I rub my forehead, already feeling the bump forming. “Can we get ice cream before you kill us both?”
Twenty minutes later, we’re parked outside McDonald’s with vanilla cones, and I’m recounting the whole disaster while Lily’s jaw hangs somewhere near her designer sneakers.
“So you slapped him?”
“Obviously.”
“After kissing him back?”
“I did NOT kiss him back.”
“Juliet.”
“Fine, maybe for like two seconds, but—”
“And then he said you’d kiss him back next time?” She’s practically bouncing in the driver’s seat. “This is better than my parents’ divorce drama.”
“It’s not drama. It’s a catastrophe.”
“It’s foreplay.”
“It’s NOT—” I stop mid-protest because my phone buzzes.
Grayson: Is my girlfriend avoiding me?
I show Lily the screen. She actually squeals.
“Tell him you’re not his girlfriend!”
Me: I’m not avoiding you and I’m not your girlfriend
His response is immediate.
Grayson: A boy can manifest, right?
I stare at the phone like it might explode.
“What’d he say?” Lily grabs for it.
“He said he’s manifesting me being his girlfriend.”
“That’s… actually kind of sweet?”
“That’s terrifying.”
“Why?”
I lean back against the passenger seat, vanilla ice cream melting down my fingers. “Because part of me wants him to.”
Confused. Confusing. Very goddamn confused.
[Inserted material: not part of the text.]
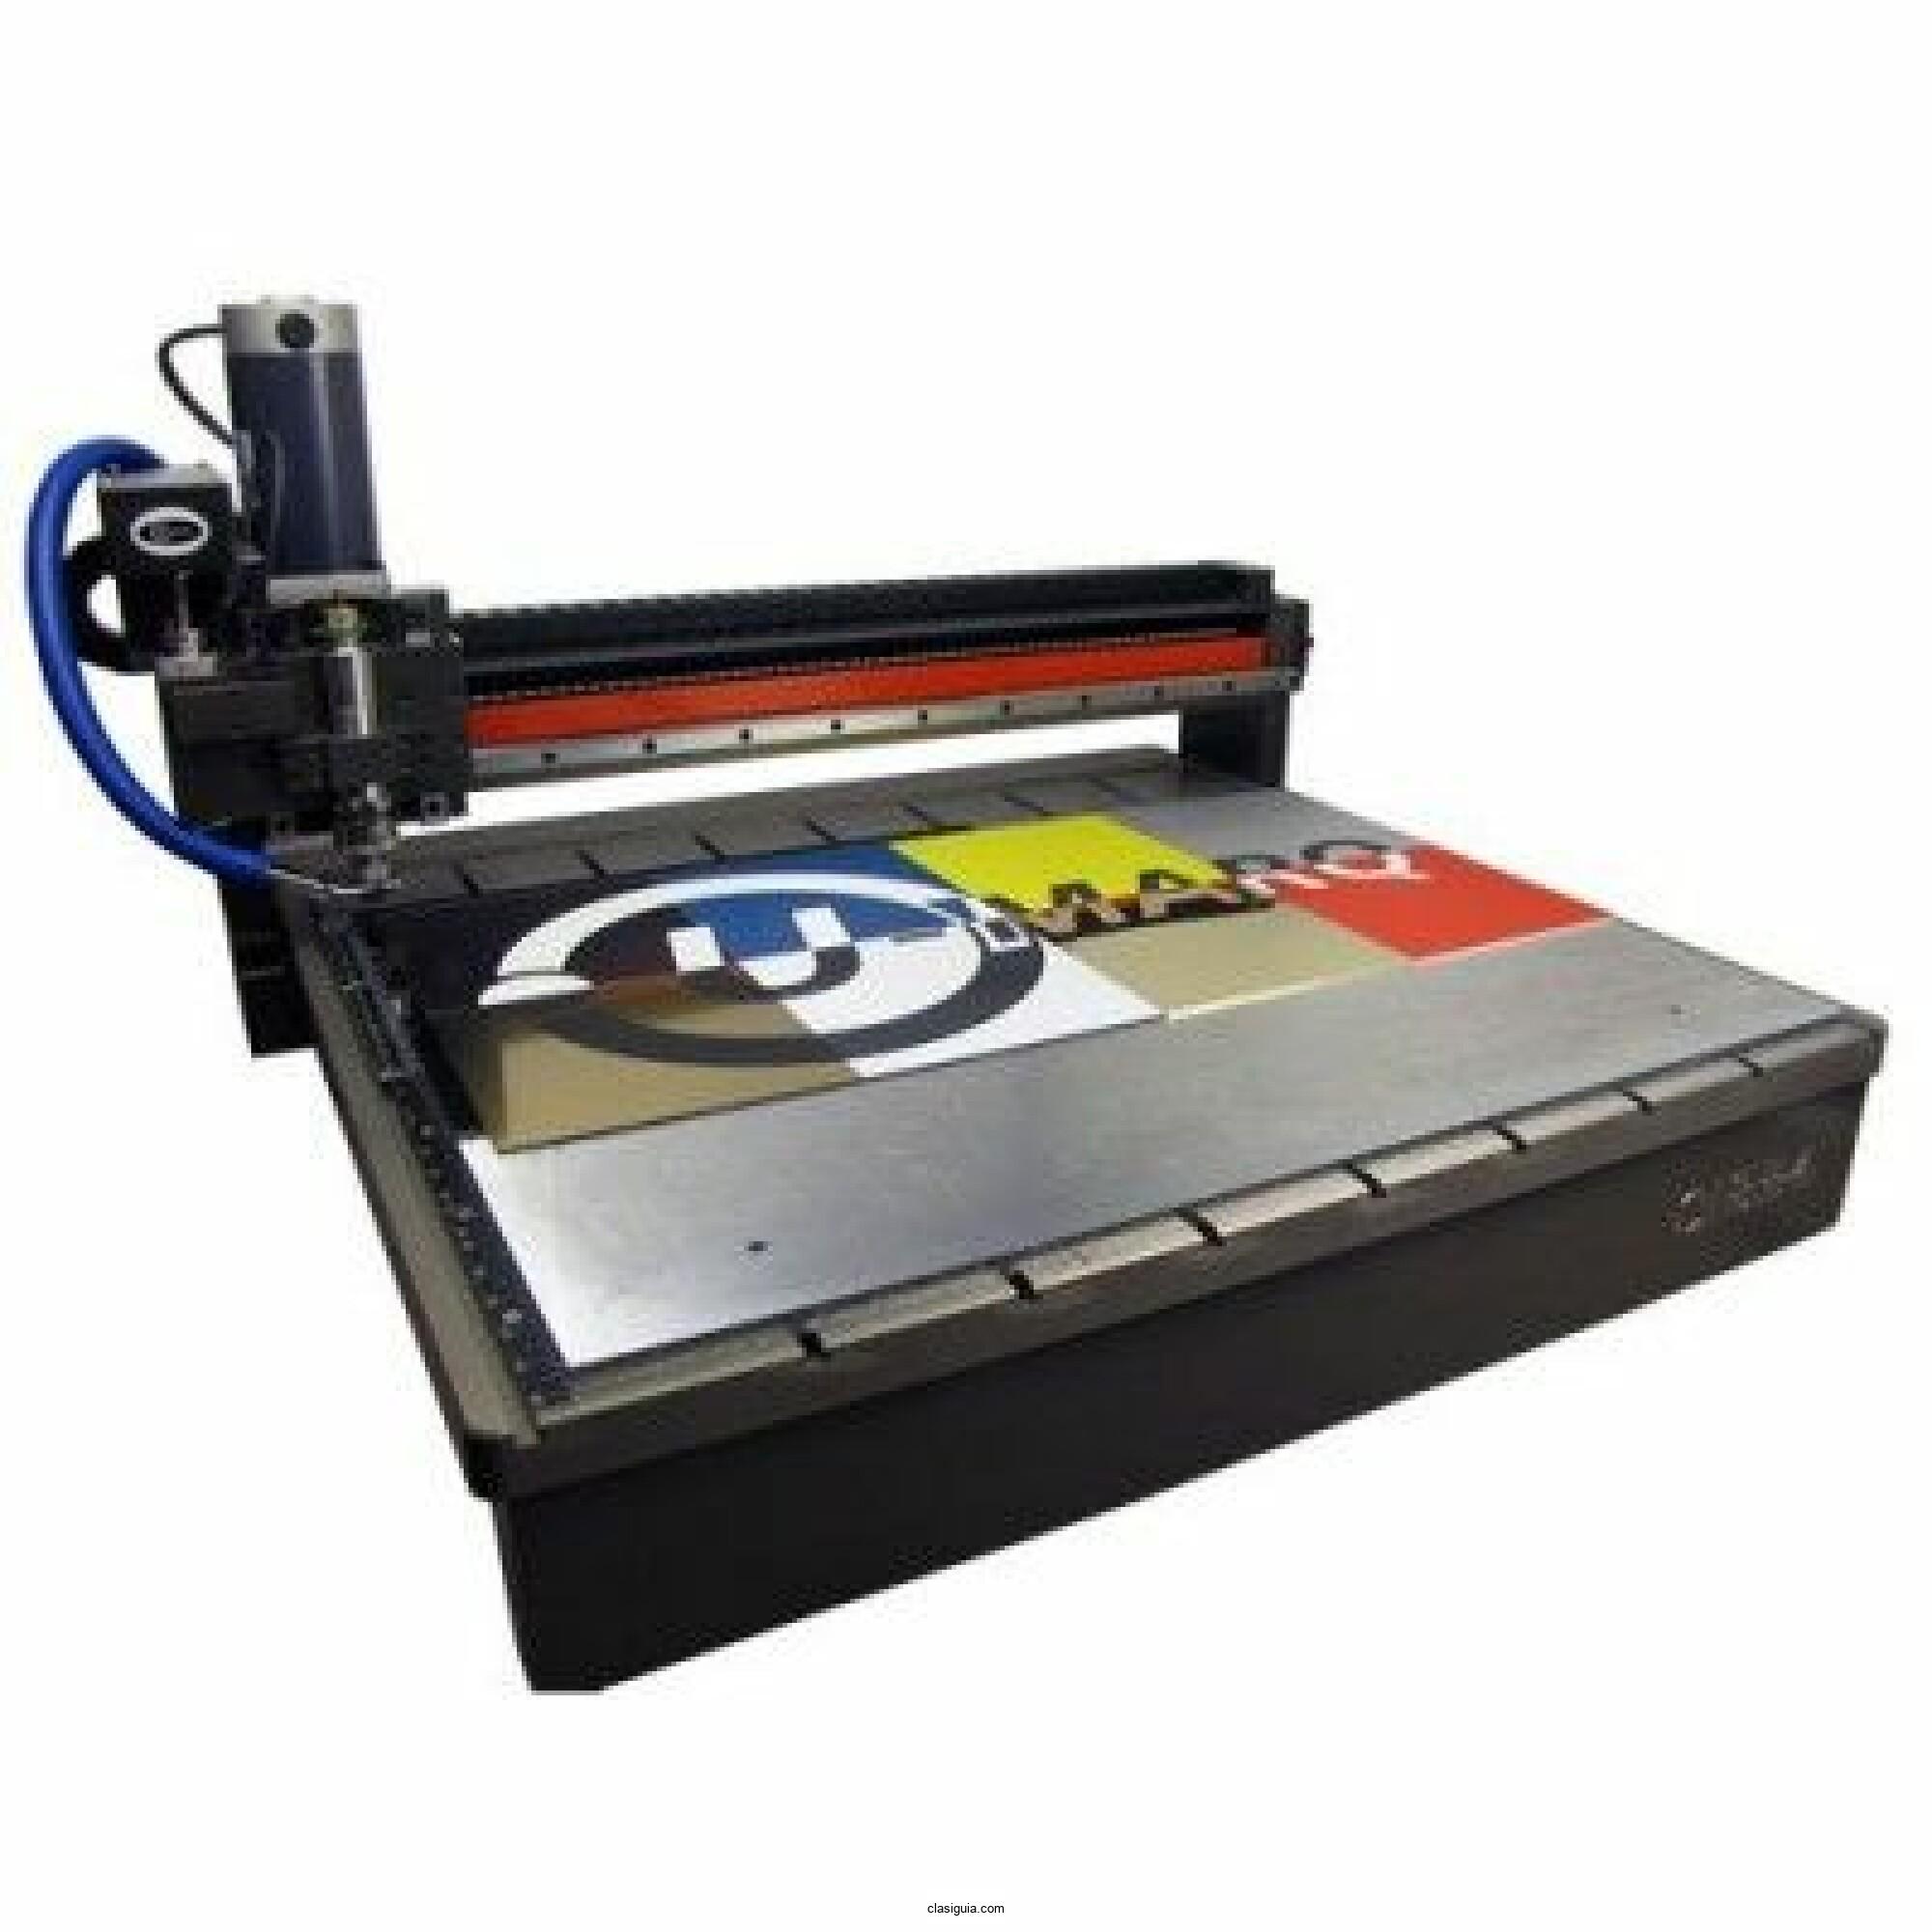 U-Marq Quest 1824 Heavy Duty Engraving Machine (MITRA PRINT)

“Okay, real talk.” Lily turns serious, which is alarming because Lily is never serious. “What do you actually want?”
“I want to want what I’m supposed to want.”
“That’s not an answer.”
“It’s the only answer I have.”
She studies my face in the dim light from the McDonald’s sign. “You know what I think?”
“That I’m losing my mind?”
“I think you’re finally finding it.” She starts the engine. “And that scares the shit out of you.”
When she drops me off, another text is waiting.
Grayson: Still thinking about my question?
I stare at it for five full minutes before typing back.
Me: Which question?
Grayson: How do I make you feel confused?
Me: idk, just confused.
Grayson: Good. Confusion means you’re thinking
Me: Thinking what?
Grayson: That maybe perfect isn’t as interesting as you thought.
I stare at the screen, pulse racing. He always does this — drops a match, watches me burn. My thumbs hover over the keyboard, trying to find a way to sound unaffected. Chill. Untouched.
But I don’t feel untouched.
I feel flushed. Restless. Like I’m waiting for him to say something that tips me over the edge.
Me: And what are you? Interesting?
Grayson: I’m the reason you can’t sleep right now.
The three little dots appear again. Typing.
Grayson: Bet you’re biting your lip.
I release it instantly, like he can see me.
Grayson: Are you in bed?
My throat goes dry. I glance down — old T-shirt, no bra, bare legs tangled in sheets.
Why does the air feel hotter?
Me: That’s none of your business.
Grayson: Say the word and I’ll make it mine.
I suck in a breath.
Typing…
Typing…
Then nothing.
He leaves me there, simmering in the heat of almost.